Like many films made by non-native filmmakers, Symptoms transforms the familiar into something strange. This is particularly useful for horror, as evidenced by Roman Polanski’s depiction of London in Repulsion and Lindisfarne in Cul-de-sac, and by Jorge Grau’s evocation of the Peak District in The Living Dead at Manchester Morgue. Here, Larraz uses soft, vibrant pastel colours to give a typical country house and the misty surrounding woods and lake a fairy tale atmosphere; but in this story the threat turns out not to be the ogre lurking in the woods, but rather the princess in the tower.
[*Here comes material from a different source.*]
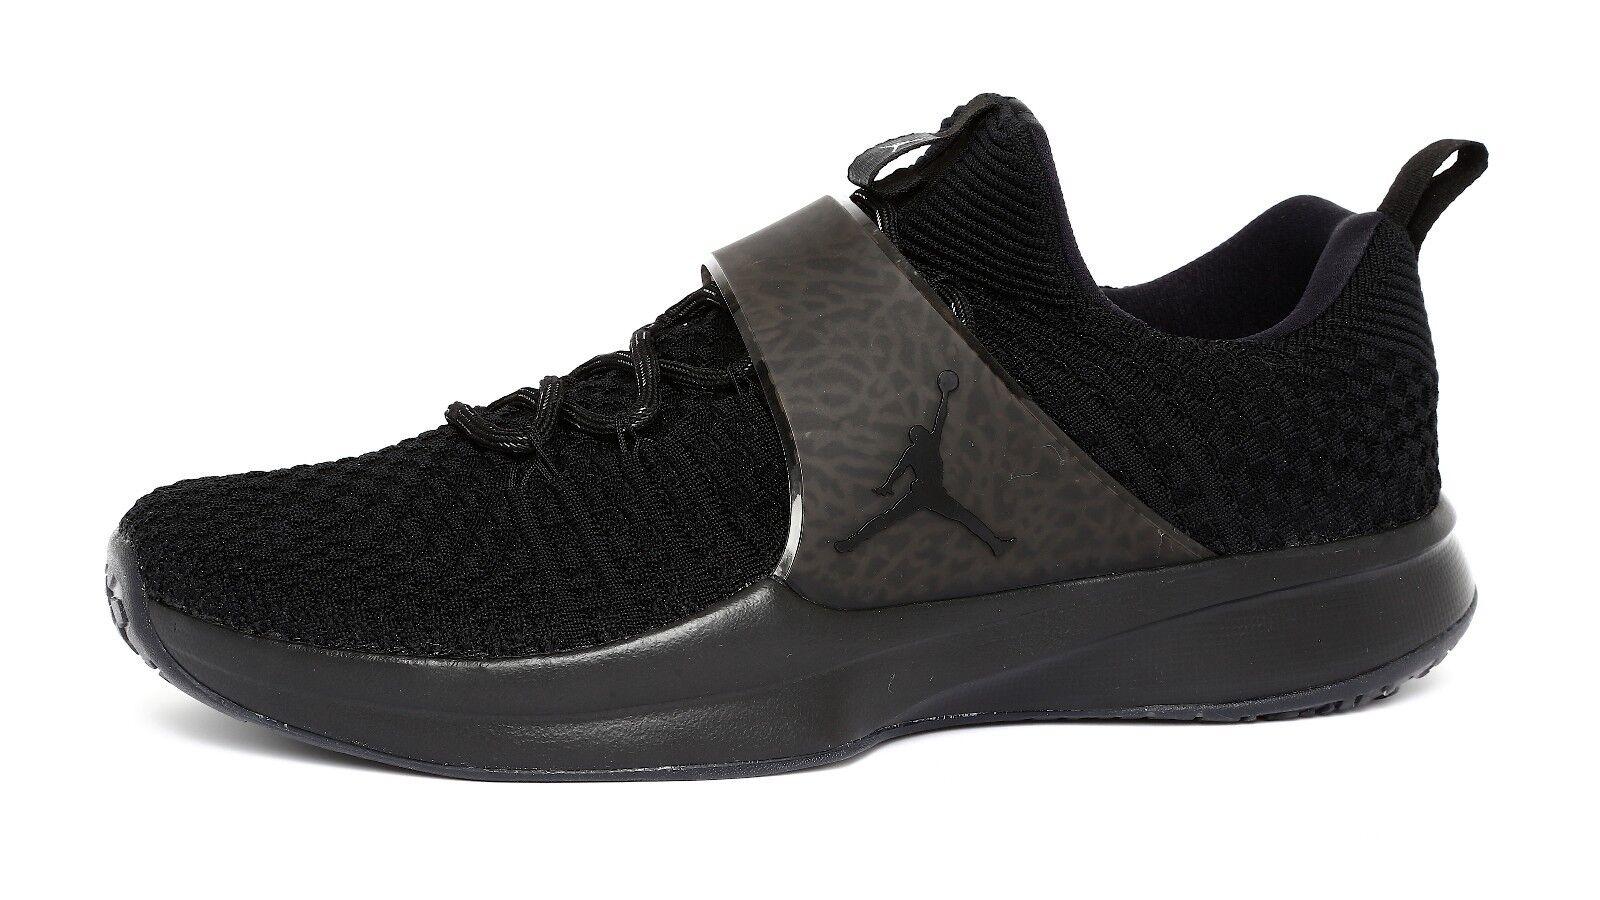 Jordan Trainer 2 Flyknit Black Metallic Silver Mens Sneakers Sz 11 2025

While Symptoms is certainly worthy of revival and Flipside offers a suitable venue, there are some puzzling aspects to the film’s presentation on the disk. The original negative, long thought to be lost, was discovered in 2014 and the BFI helped to rescue it in collaboration with the film’s producer Jean Luc Dupuis and the Belgian Cinematek. Following restoration by the Cinemtek, a hi-def master was delivered to the BFI.
The restoration notes claim that the presentation is in the original aspect ratio, but it seems doubtful that a commercial project like this would have been intended for projection at 1.33:1 in 1974 when it would be extremely unlikely that any theatre would be showing it without using a matted aperture. The opening titles are clearly framed for a wider aperture, possibly 1.66:1, which was common in Britain, or even 1.85:1 as IMDb claims. When I zoomed the image in on my HD television, the framing seemed quite comfortable throughout the film, making the images tighter and more focused than they seem in the open-matte framing of the disk. It seems strange that the BFI, usually sensitive to such issues, would somehow not notice that the internal evidence of the film’s imagery indicates that it was intended to be shown with a wider frame. With the extra head and foot room trimmed, the film has far greater impact; in open-matte, it plays more like a highly polished episode of Brian Clemens’ Thriller series from the mid ’70s.
In addition to the framing issue, the image in many places has the waxy appearance of excessive digital noise reduction, with the film grain smoothed away. But despite this, the film has a pleasing colour palette and the softening effect gives the exteriors a dreamy quality.
The disk also has some fairly substantial supplements, including new interviews with Angela Pleasence (10:00), Lorna Heilbron (18:00) and editor Brian Smedley-Aston (17:00), who went on to produce Vampyres.
From Barcelona … to Tunbridge Wells: The Films of Jose Larraz (24:00, 1999) is an episode of the Channel 4 series Eurotika! in which Andy Stark and Pete Tombs survey the director’s career, which was split between England and Spain over a period of thirty years.
On Vampyres and Other Symptoms (74:00, 2011) is a feature-length documentary which focuses on Larraz’s two most famous films as it follows him on a trip to Sitges in 2009 where he received a lifetime achievement award. Made by Celia Novis, it offers some interesting glimpses of Larraz’s thoughts on horror and filmmaking in general, but unfortunately Novis seems more interested in being “creative” than in conveying much solid information; she uses lengthy excerpts from the two features into which she intercuts shots of Larraz, giving the impression that he is a part of the images he himself created, while every now and then we get short clips from an interview. Despite the running time, it leaves a frustrating impression of barely scratching the surface of its subject.